Pat Ryan

Personal information
- Native name: Pádraig Ó Riain (Irish)
- Born: 23 July 1976 (age 49) Glanmire, County Cork, Ireland
- Occupation: Pfizer employee
- Height: 5 ft 10 in (178 cm)

Sport
- Sport: Hurling
- Position: Midfield

Club*
- Years: Club / Apps (scores)
- 1995–2011: Sarsfields / 64 (4–243)

Club titles
- Cork titles: 2

College
- Years: College
- Regional Technical College, Cork

College titles
- Fitzgibbon titles: 0

Inter-county**
- Years: County / Apps (scores)
- 1997–2003: Cork / 11 (0–12)

Inter-county titles
- Munster titles: 2
- All-Irelands: 1
- NHL: 1
- All Stars: 0
- * club appearances and scores correct as of 14:27, 22 July 2018. **Inter County team apps and scores correct as of 20:43, 21 July 2018.

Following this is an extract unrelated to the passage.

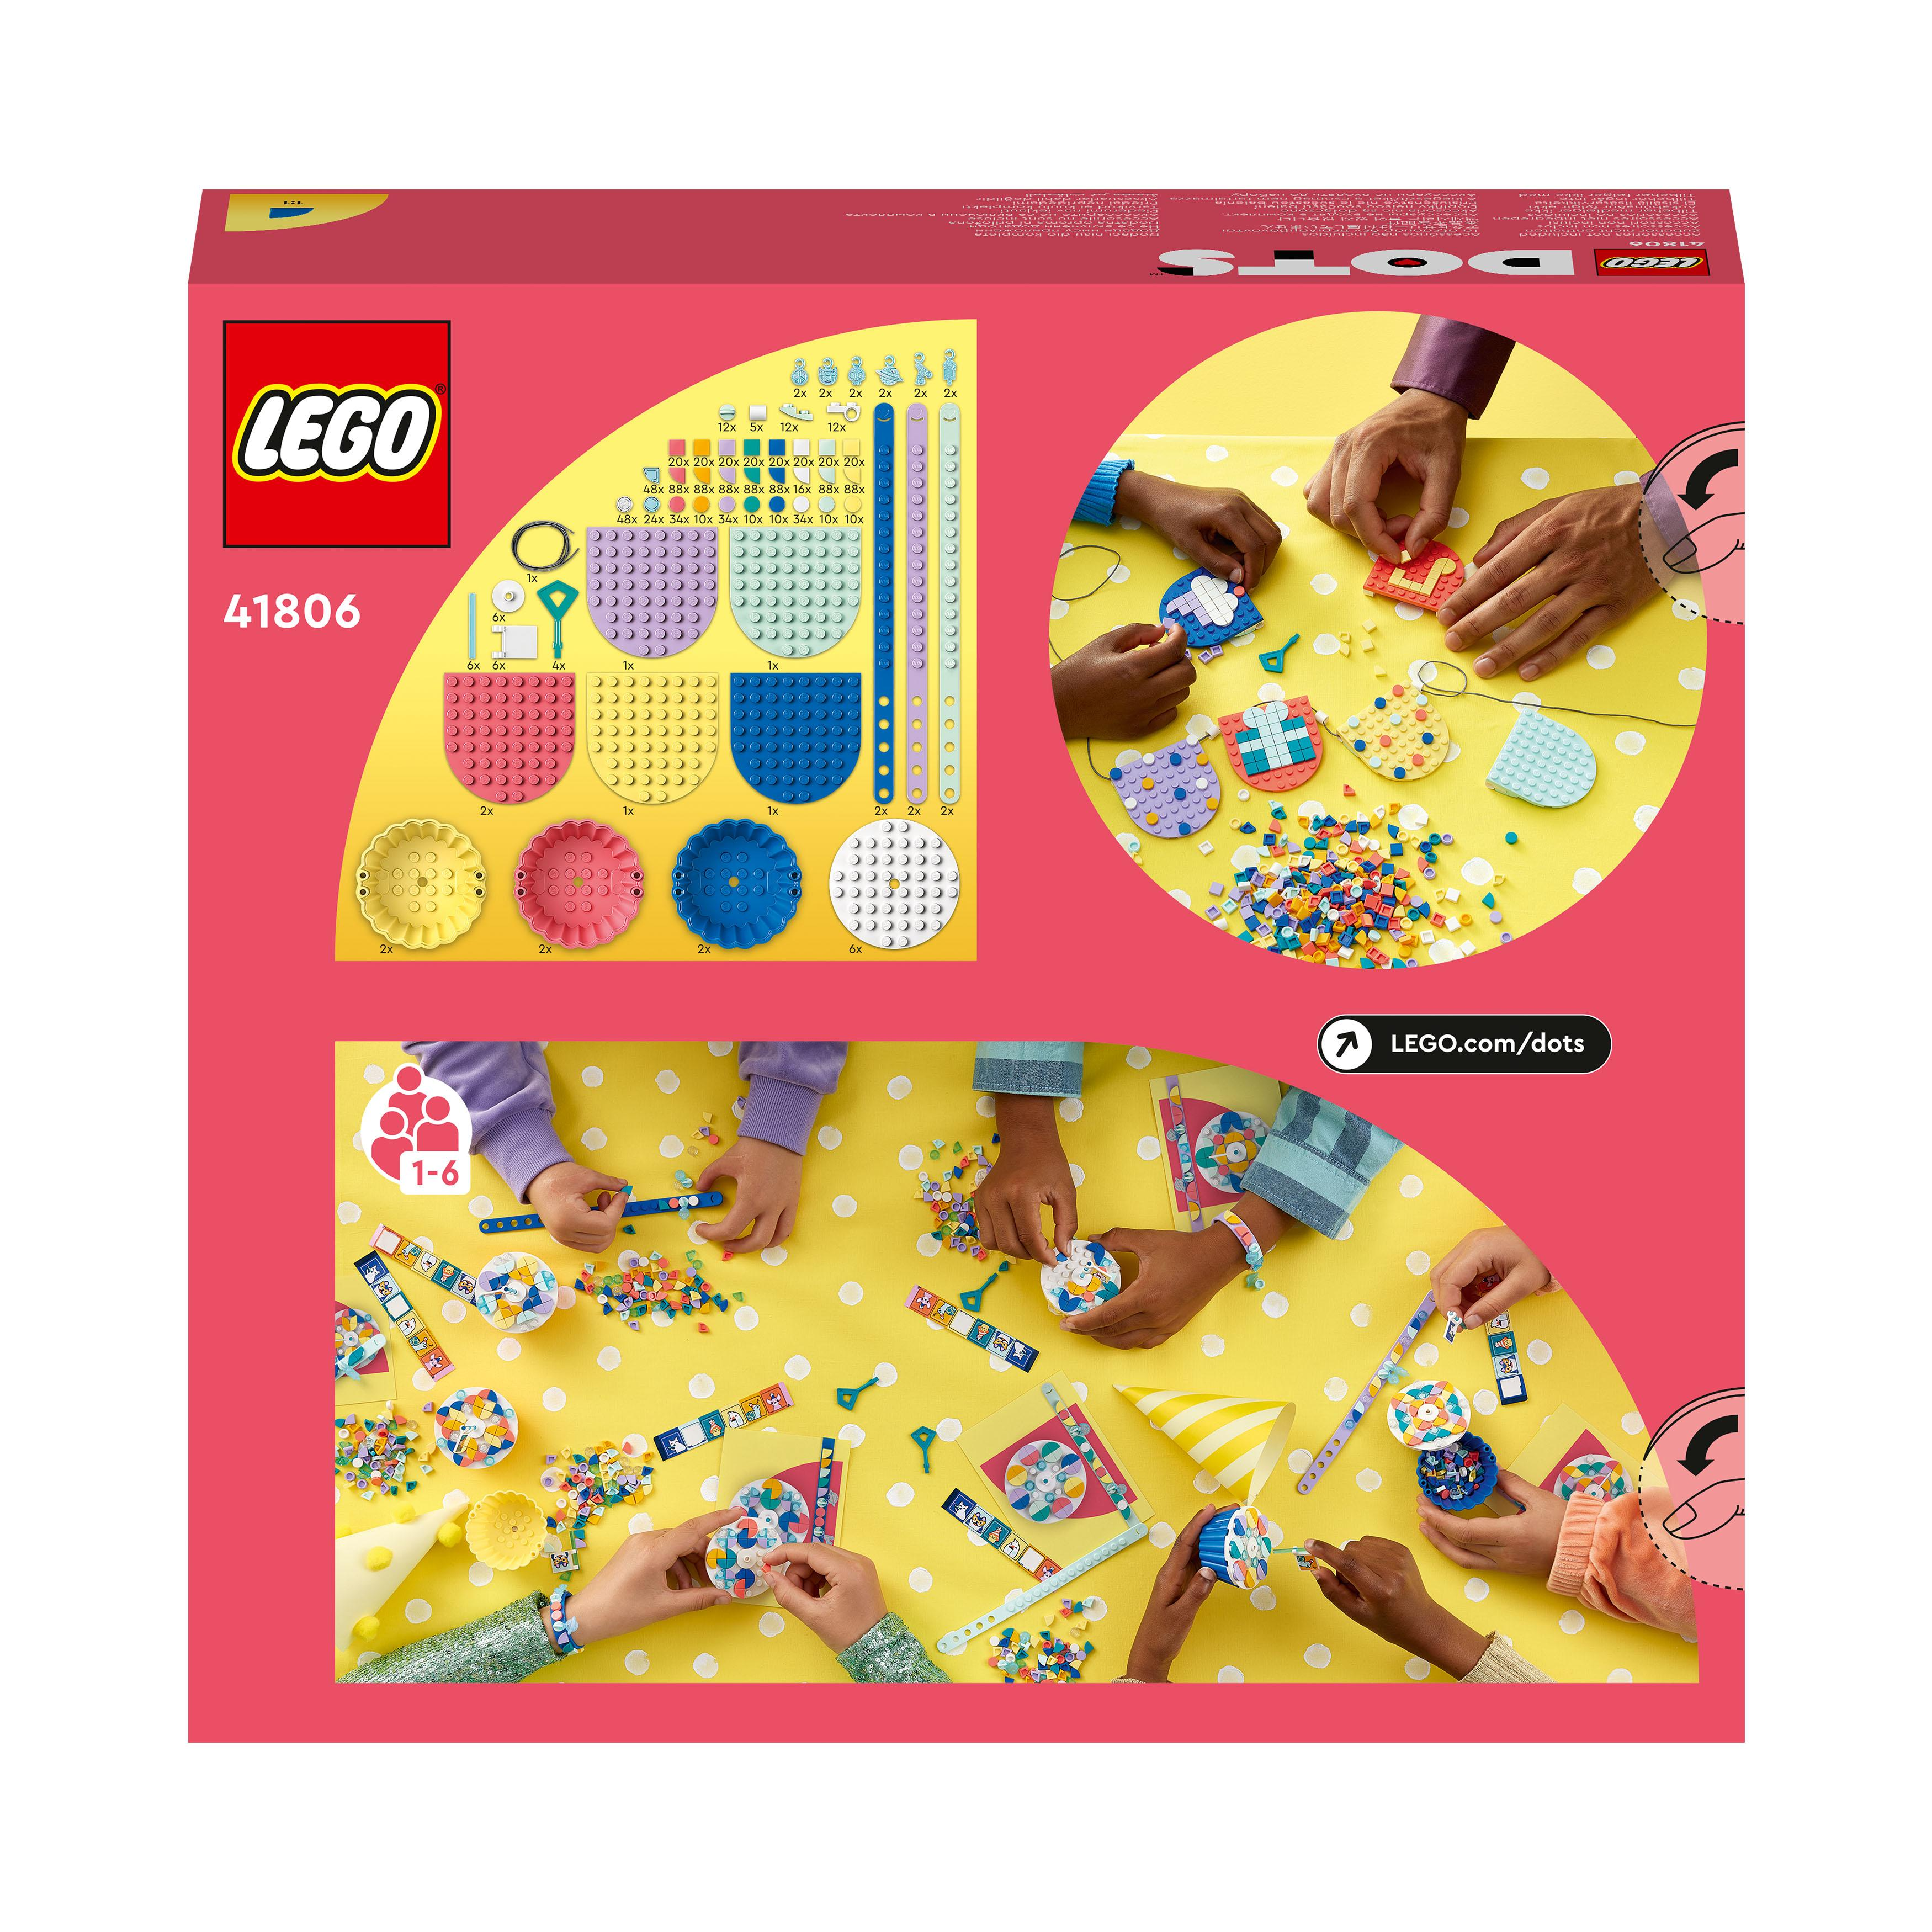 LEGO DOTS 41806 Ultimatives Bausatz, Partyset Mehrfarbig

= Pat Ryan (Cork hurler) =

Irish hurling manager and coach

Patrick Ryan (born 23 July 1976) is an Irish hurling manager, coach, selector and former player. He usually played at midfield for club side Sarsfields and at inter-county level with the Cork senior hurling team.

Ryan first played competitive hurling at colleges level with the North Monastery, winning an All-Ireland medal in 1994. His inter-county career with Cork spanned eight seasons, beginning as a member of the under-21 team in 1996, with whom he won an All-Ireland medal. After joining the Cork senior team in 1997, Ryan won an All-Ireland medal in 1999, as well as Munster and National League titles. As a player with the Sarsfields club, he won two county championship medals.

As a manager, coach and selector, Ryan has guided the Sarsfields club to two county championship titles, while he also helped the Cork senior team to two Munster titles in 2017 and 2025.

==Playing career==
===The North Monastery===
Ryan first came to prominence as a hurler with the North Monastery. Having played at every grade, by 1994 he was a forward on the college's senior team that defeated Midleton CBS by 1–09 to 0–04 in the Harty Cup final. On 24 April 1994, Ryan won an All-Ireland medal following a 1–10 to 1–06 defeat of St Mary's College from Galway.

===Sarsfields===
Ryan joined the Sarsfields club at a young age and played in all grades at juvenile and underage levels. He made his championship debut for the club's senior team in a 1–13 to 1–06 defeat of Blackrock on 10 June 1995.

On 5 October 1997, Ryan lined out at midfield in his first senior championship final. In spite of being the game's top scorer with 1-07, Ryan's side were beaten by Imokilly by 1–18 to 2-12. He finished the championship as the top scorer with 1-47.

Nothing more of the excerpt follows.